Task description >> Return all the lines below exactly. Any picture among them is omitted.

Collected material >>
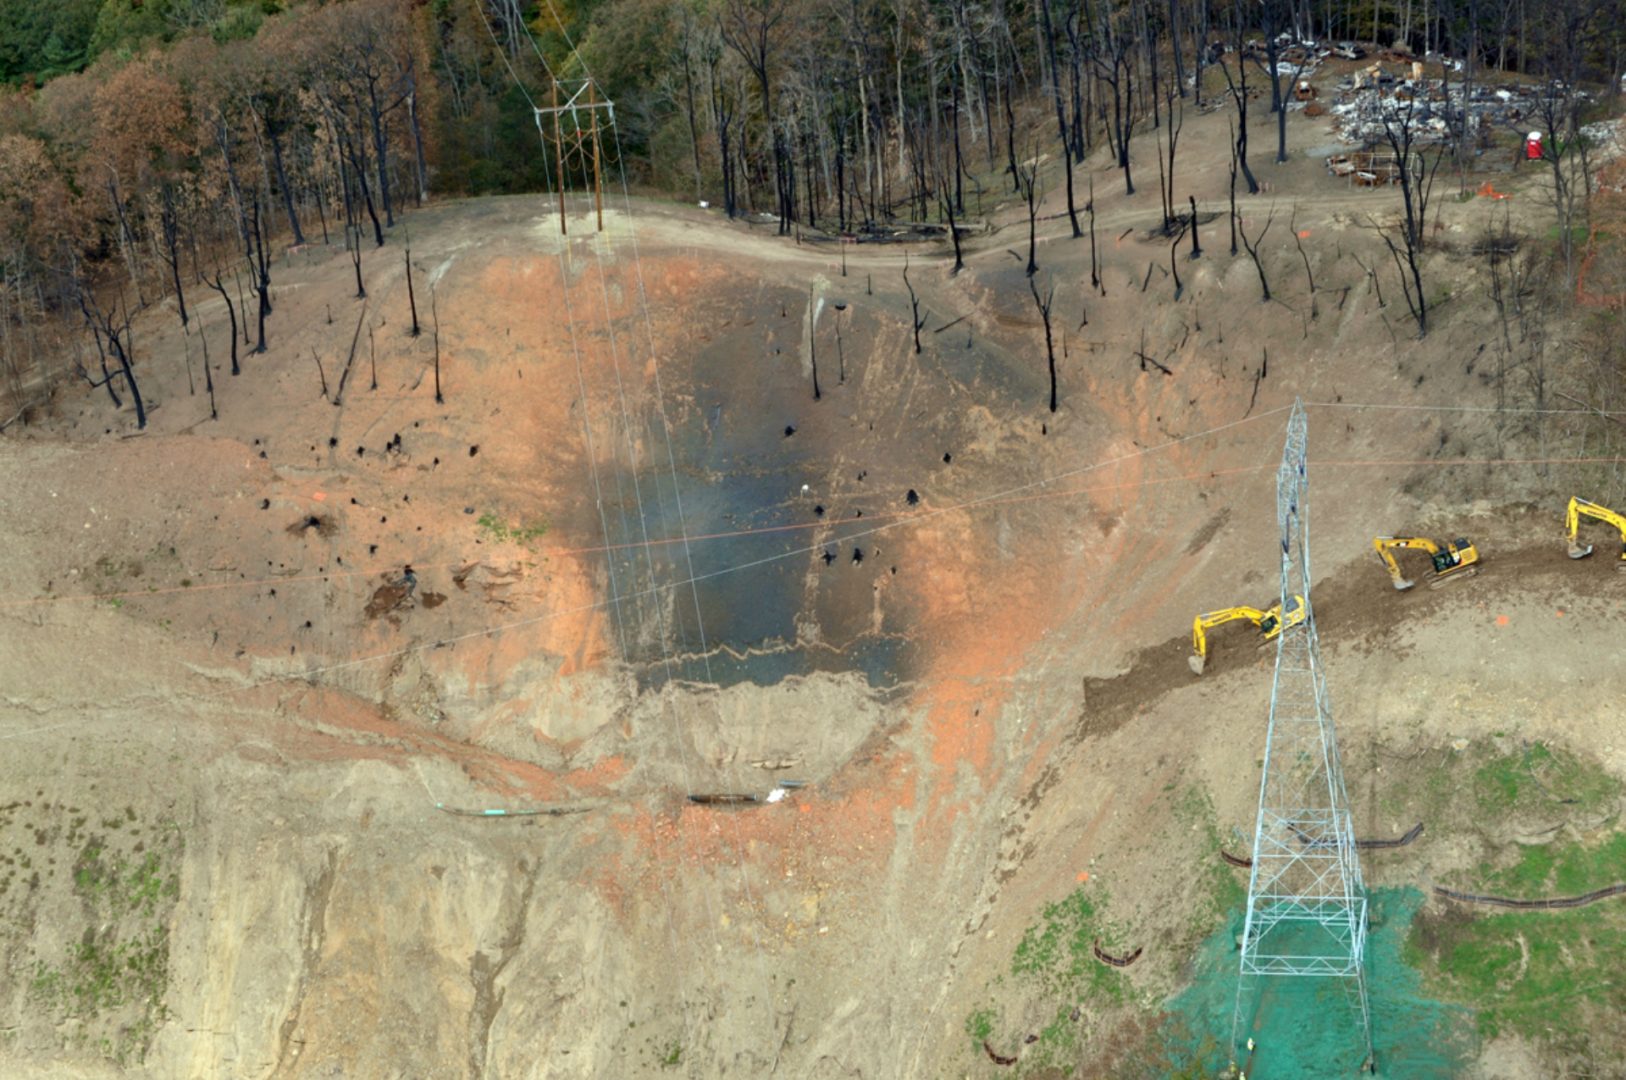 The site of the Revolution Pipeline explosion that occurred in September 2018. Officials have said said heavy rain caused a landslide, leading to the explosion, which destroyed a house.
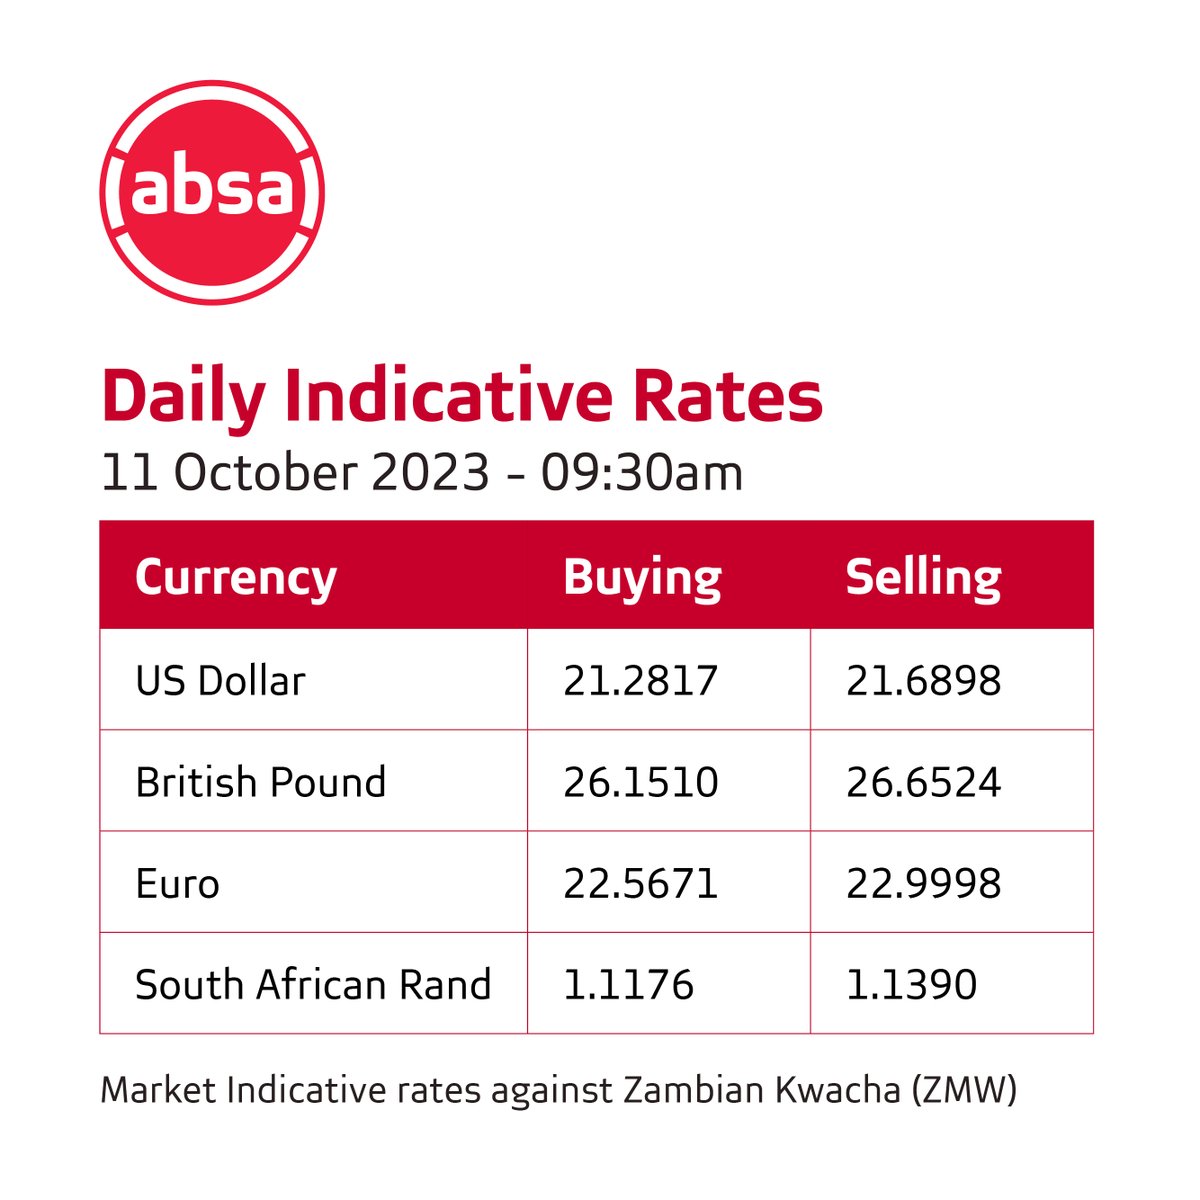 Today's forex update. Be advised that rates are indicative and may change at short notice depending on market conditions
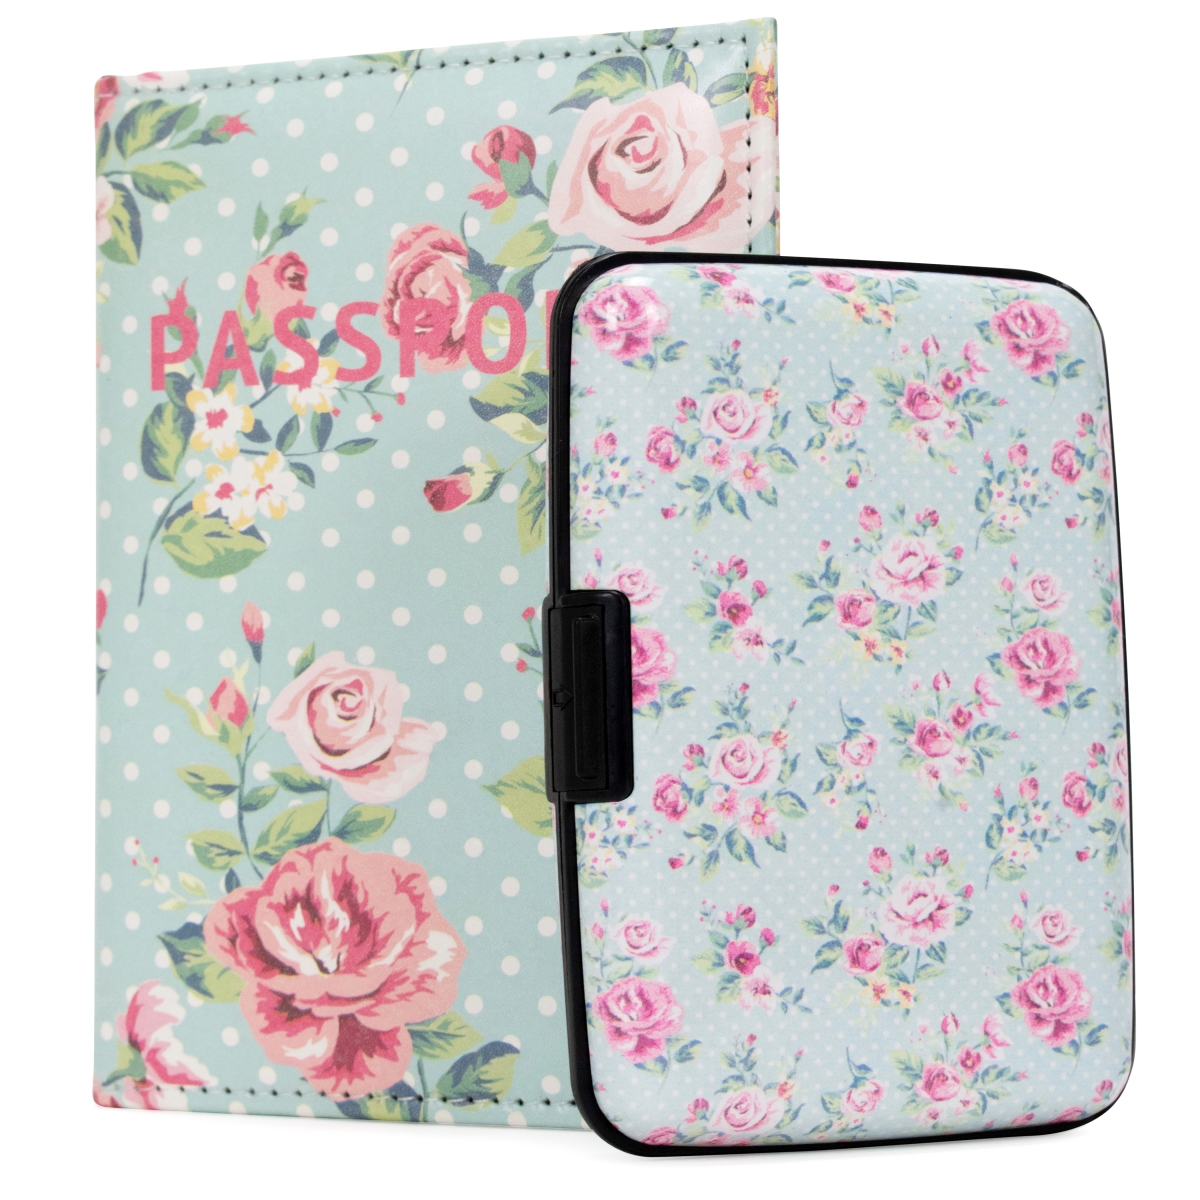 Miami CarryOn RFIDWSVTRS RFID Protected Wallet and Passport Cover Set (Vintage Roses) -  Naftali Inc

Task result >>
 The site of the Revolution Pipeline explosion that occurred in September 2018. Officials have said said heavy rain caused a landslide, leading to the explosion, which destroyed a house.
 Today's forex update. Be advised that rates are indicative and may change at short notice depending on market conditions
 Miami CarryOn RFIDWSVTRS RFID Protected Wallet and Passport Cover Set (Vintage Roses) -  Naftali Inc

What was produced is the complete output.